A sequence will be composed of a starting number (which may have a prefix/suffix matching the regular expression /^(.*?)(\d+)(\D*)$/) and a maximum range.

This is modelled after Postgres sequences, which allows keeping track of the next number in a sequence within limits. This would allow you to create a sequence with a starting number of U13L1000 which increments by 1 up to U13L1999.

Creating a game, regardless of whether it’s published directly or a draft game, will pull the next sequence number available. Drafts will require sequences to be configured in the schedule as draft games cannot rely on the game ID sequence.

If the next sequenced number already exists for whatever reason (e.g., that number was manually provided when creating a game or in case of an error updating the sequence), the next available sequence number will be produced until a non-conflicting number is available.

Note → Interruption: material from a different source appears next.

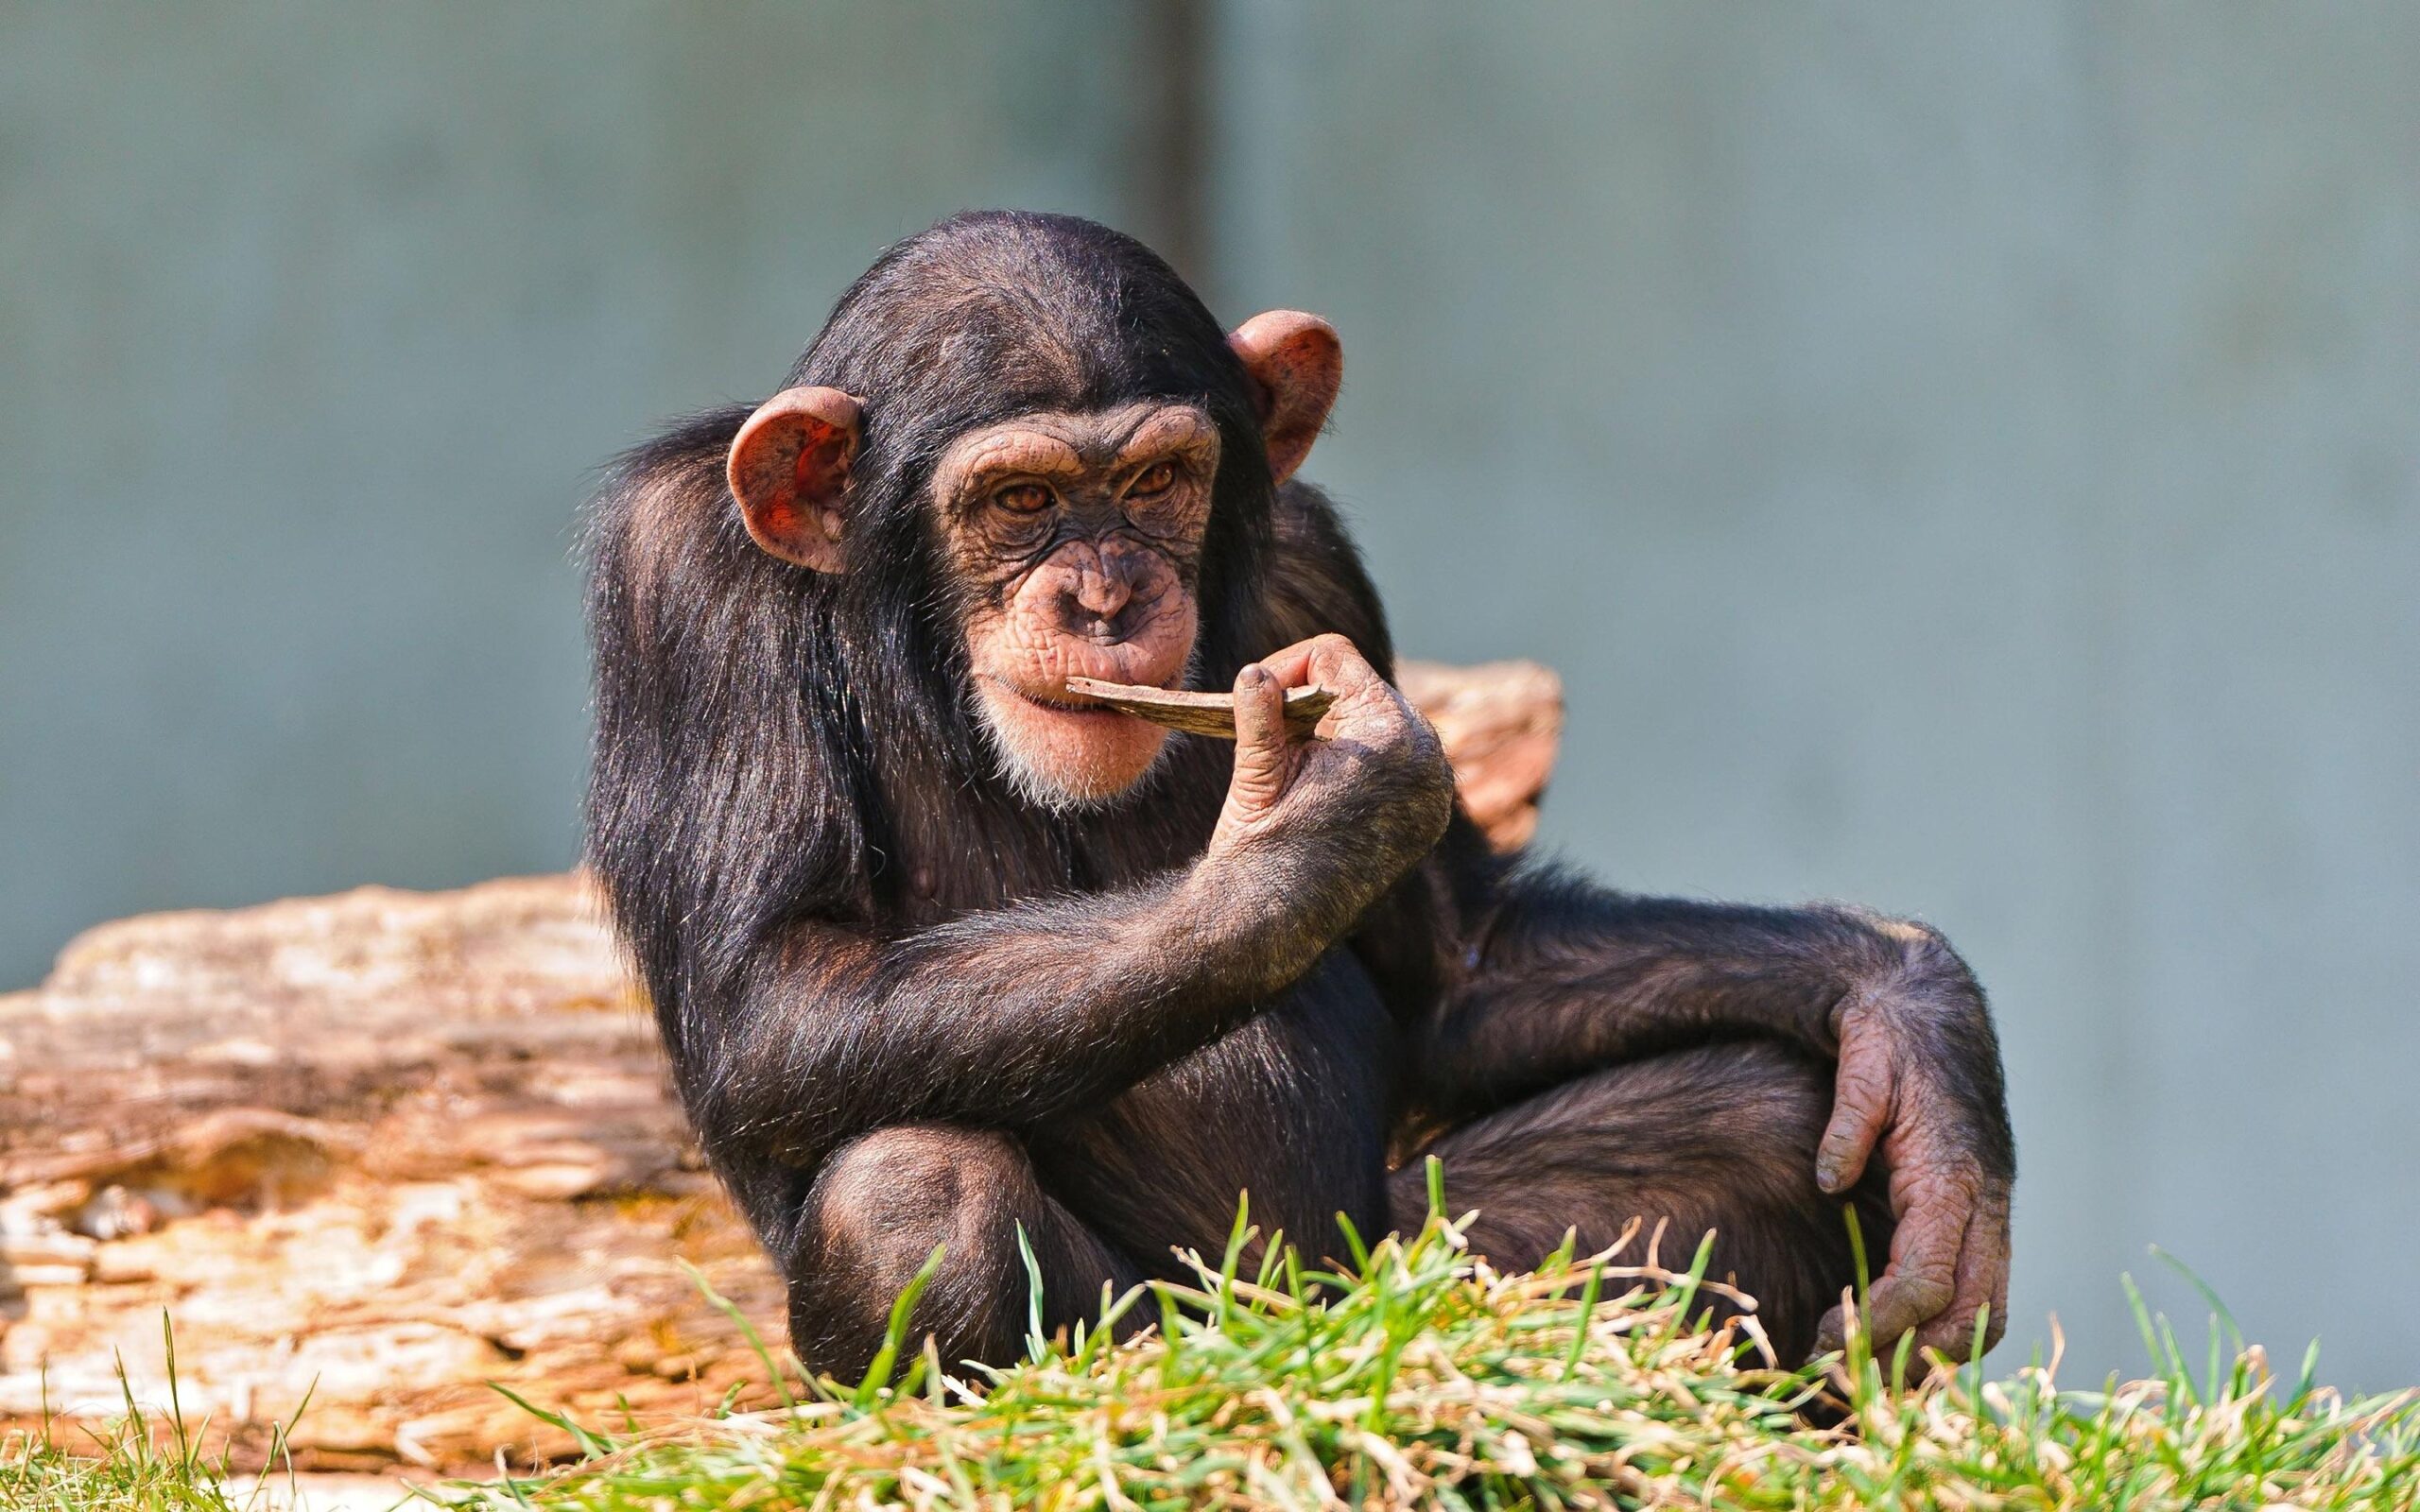 Chimpanzee Hd Wallpapers Free Download, Chimpanzee, Animal
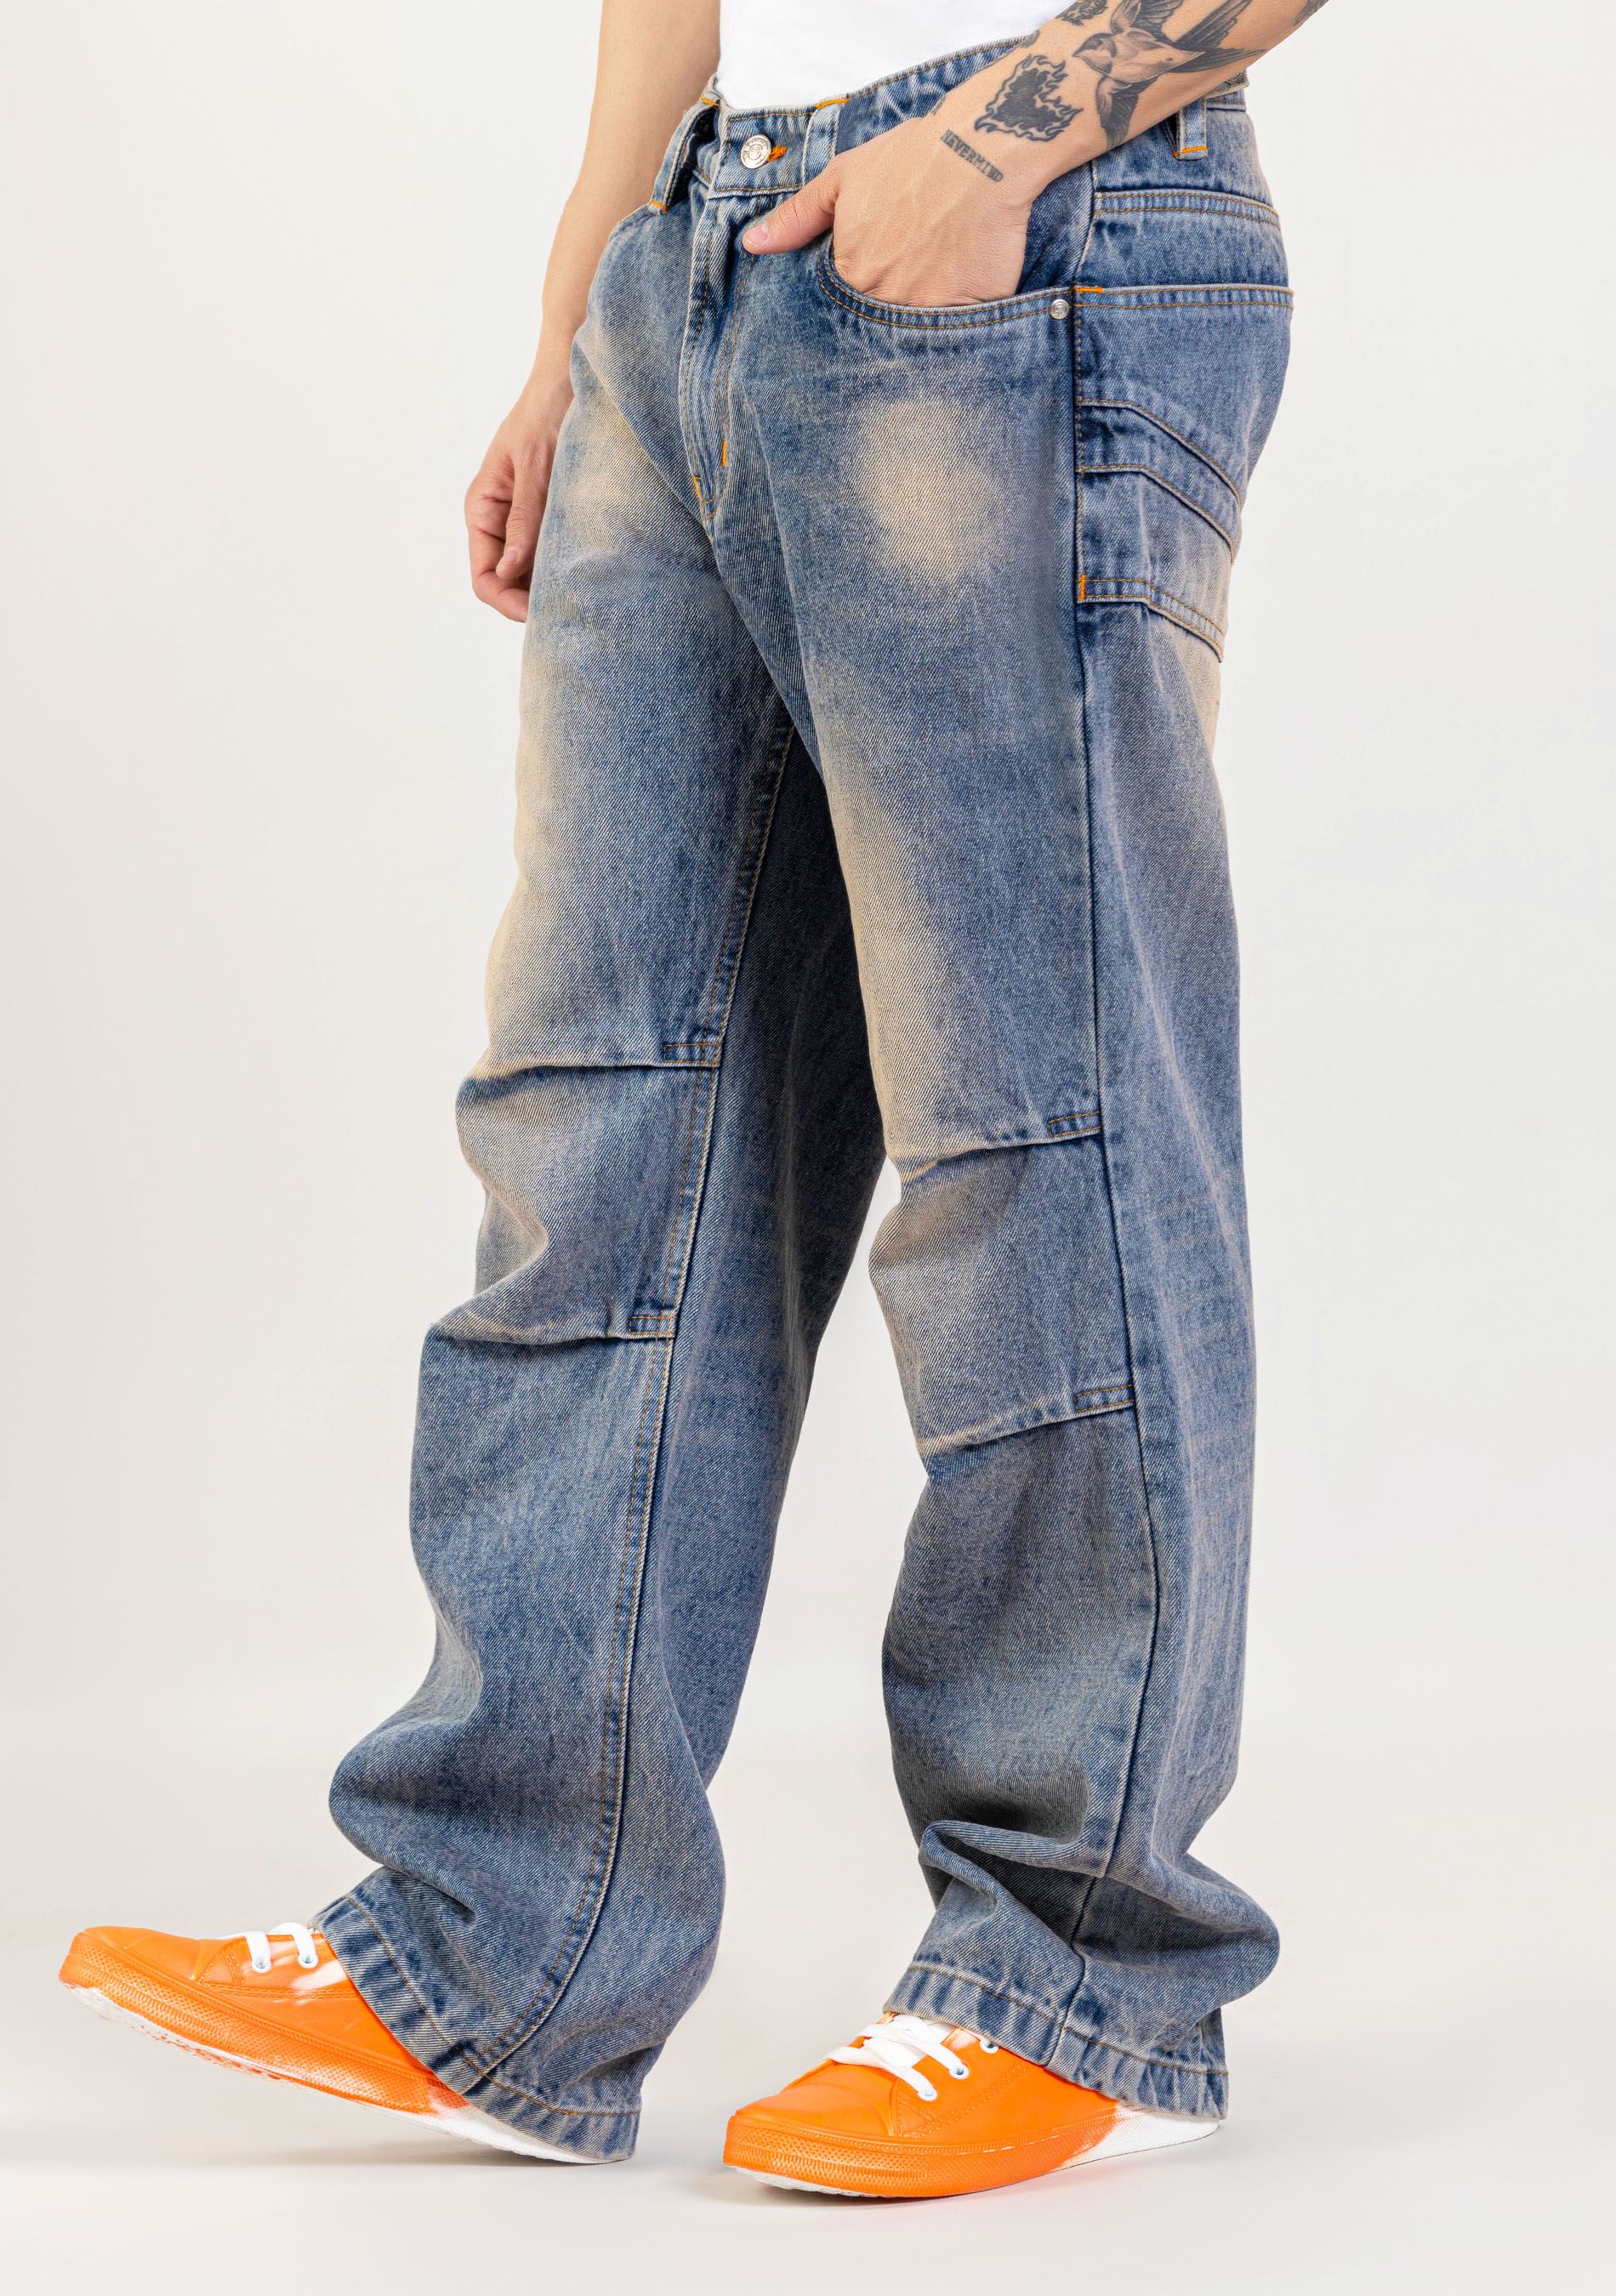 Blue Wide Leg Men's Fashion Jeans - Buy Online in India @ Mehar

If a numbering sequence exists in the schedule, the user is not given the option to manually enter or change game numbers in the schedule as they will be automated. This will prevent potential user errors.

When a game is deleted, creating a gap in the sequence, that number in the sequence will not be reused, despite the gap.

It will be possible to manually reset a sequence back to a given starting number, which may be necessary in case a batch of games are deleted. Resets will never be done automatically as we cannot predict if the user wants to reuse the sequence or not. All games in the schedule must be deleted in order for the reset to be available.

It will also be possible to produce multiple sequences, so that you can have multiple sets of sequences as necessary. The sequence with the lowest next number that has not been exhausted will be used to produce the next sequence.

Rich : for me this option should not be available, stick with one sequence like 1 to 999, keep it simple, because if this is available, there are a lot of creative users that will fuckup the system.

Once all sequences are exhausted, a validation error will prevent games from being created or draft games from being published until a viable sequence is available. We cannot fall back to a game ID as that would be a bigger mess to clean up, and it would be easier to block publishing so that they can fix the sequence then resume publishing.

Assuming a sequence of U13L1000-1999, it is possible for a user to create 100 draft games, which will use sequence numbers 1000-1099, then before publishing, a user may create a published game in the same scheduling, which will use the next number in the sequence, 1100. Publishing the pending draft games would retain their original 1000-1099 range of game numbers. Publicly, a gap in the game numbers would appear as 1000-1099 hasn’t been published yet, but this is not a concern.